Some people have also pointed out an apparent reduction in other forms of misinformation, such as vaccine-related conspiracy theories, since Russia’s Internet infrastructure and payment networks were limited by sanctions. What is going on with that?
I haven’t seen a large-scale analysis published about this. That said, there have been quite a few anecdotal reports that misinformation in other sectors has decreased markedly in the past week. We can’t say for certain that this is because of lack of Internet access in Russia. The conclusion is not that all of this stuff that had been taken down was sourced from Russia. The conclusion that’s reasonable to draw from these anecdotal reports is that Russian Internet infrastructure was a vital part of the tool kit of people who spread misinformation. There’s a lot of pieces of this economy that are run out of Russia—bot networks, for example, networks of people who sell who buy and sell stolen credit card information, a lot of the economy around buying stolen [social media] accounts—because Russia has historically tolerated a lot of cybercrime.

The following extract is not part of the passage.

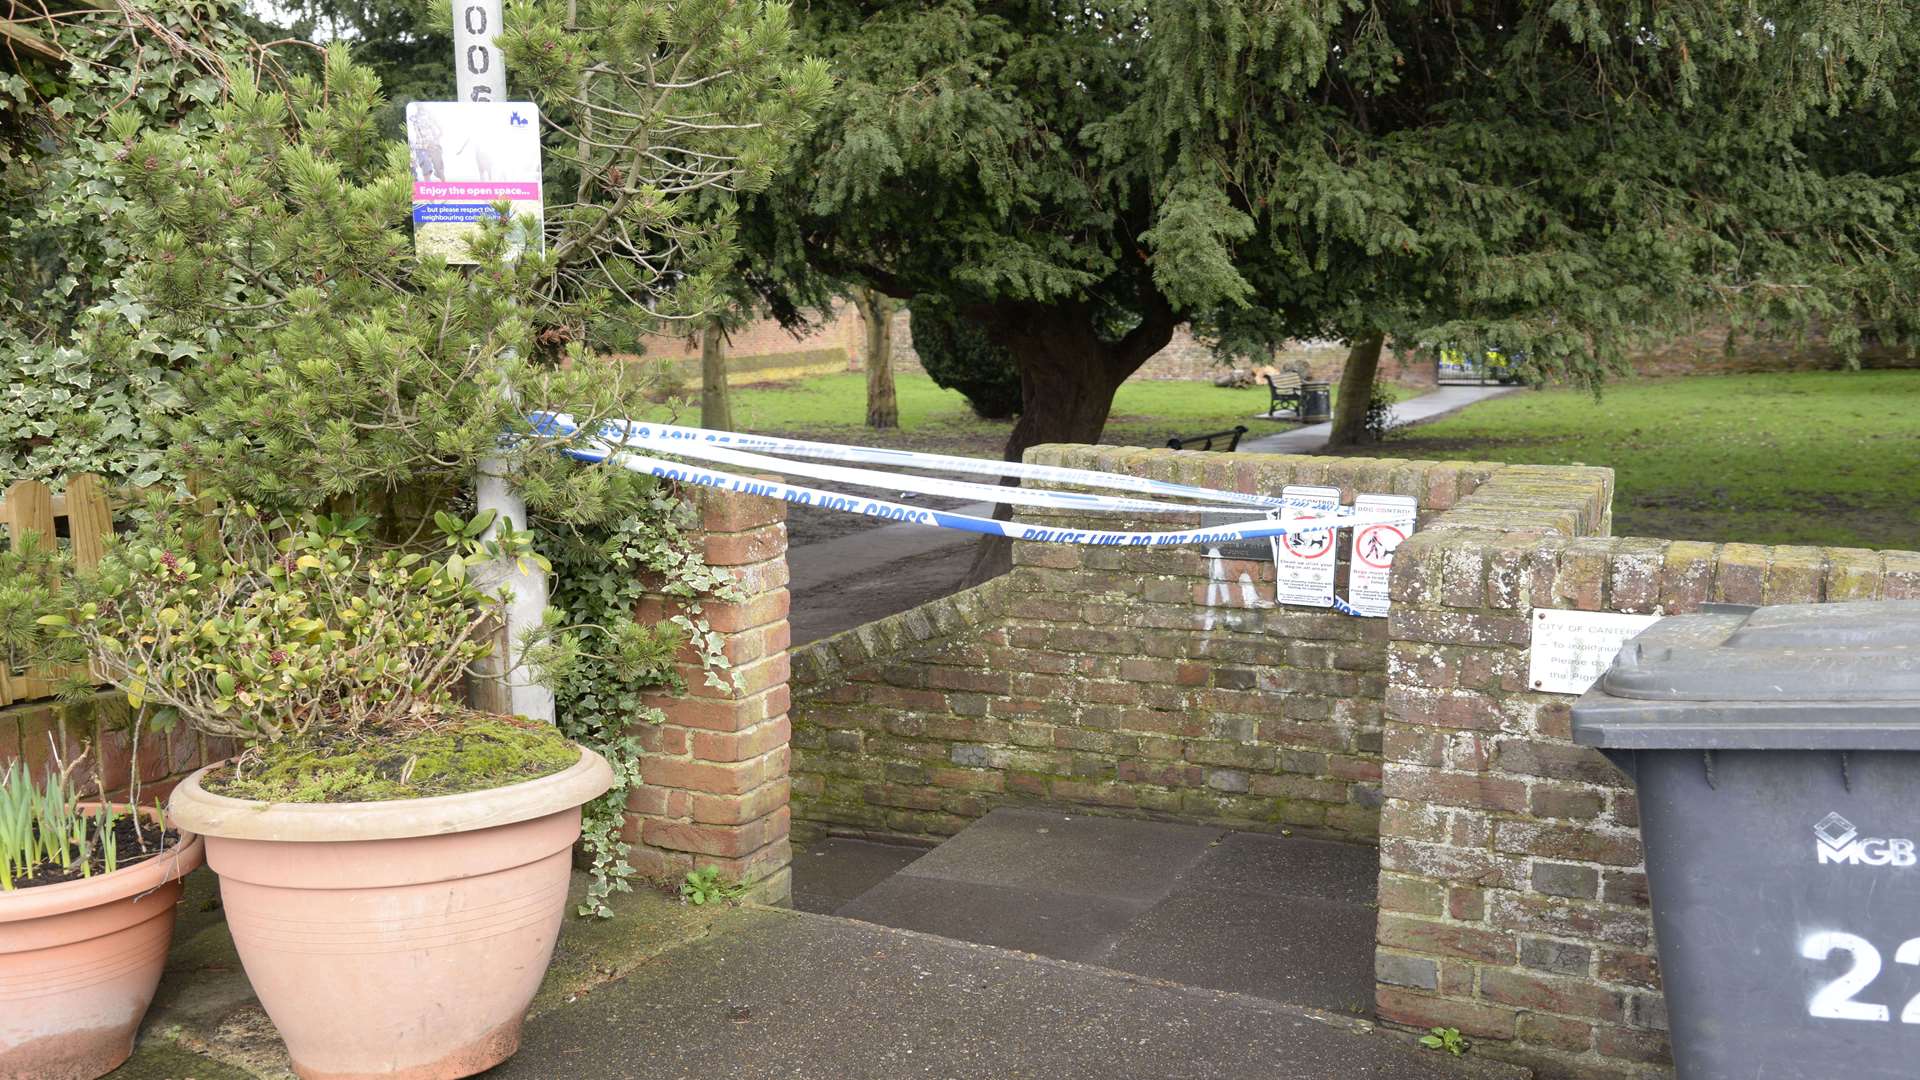 Both entrances to the former St Paul’s churchyard was taped off

Either it turns a blind eye or a lot of these groups actually directly work for, or are contractors to, the Russian state.
How can we avoid falling for or spreading misinformation?
The bottom line is that people shouldn’t have to do this. This is kind of like saying, “My car doesn’t have any seat belt. What can I do to protect myself in a crash?” The answer is: your car should have seat belts, and that shouldn’t be your job. But unfortunately, it is. With that small caveat, you have to remember that the most successful misinformation succeeds by appealing to emotions rather than reason. If misinformation can tap into that emotive pathway, you’re never going to question it because it feels good, and if it feels good, it’s adjacent to being true. So the first thing that I recommend is: if something makes you feel emotional—particularly if something makes you feel angry—before you share it or interact with it, really ask yourself the question “Who is promoting this, and do I trust them?”
What is the most important thing platforms need to do to install metaphorical seat belts?
I think the single biggest thing that platforms should be doing, especially in these moments of crisis, is [recognize they] should not promote content solely based on engagement. Because you have to remember that misinformation is really engaging. It is engaging because of some of those reasons I talked about: highly emotive appeal, things that circumvent reason and go straight to the gut. That’s a really effective tactic for deception. So I think this is when platforms need to step up the importance of quality of content versus how engaging content is. That is the number one thing they could do, and almost everything else pales in comparison.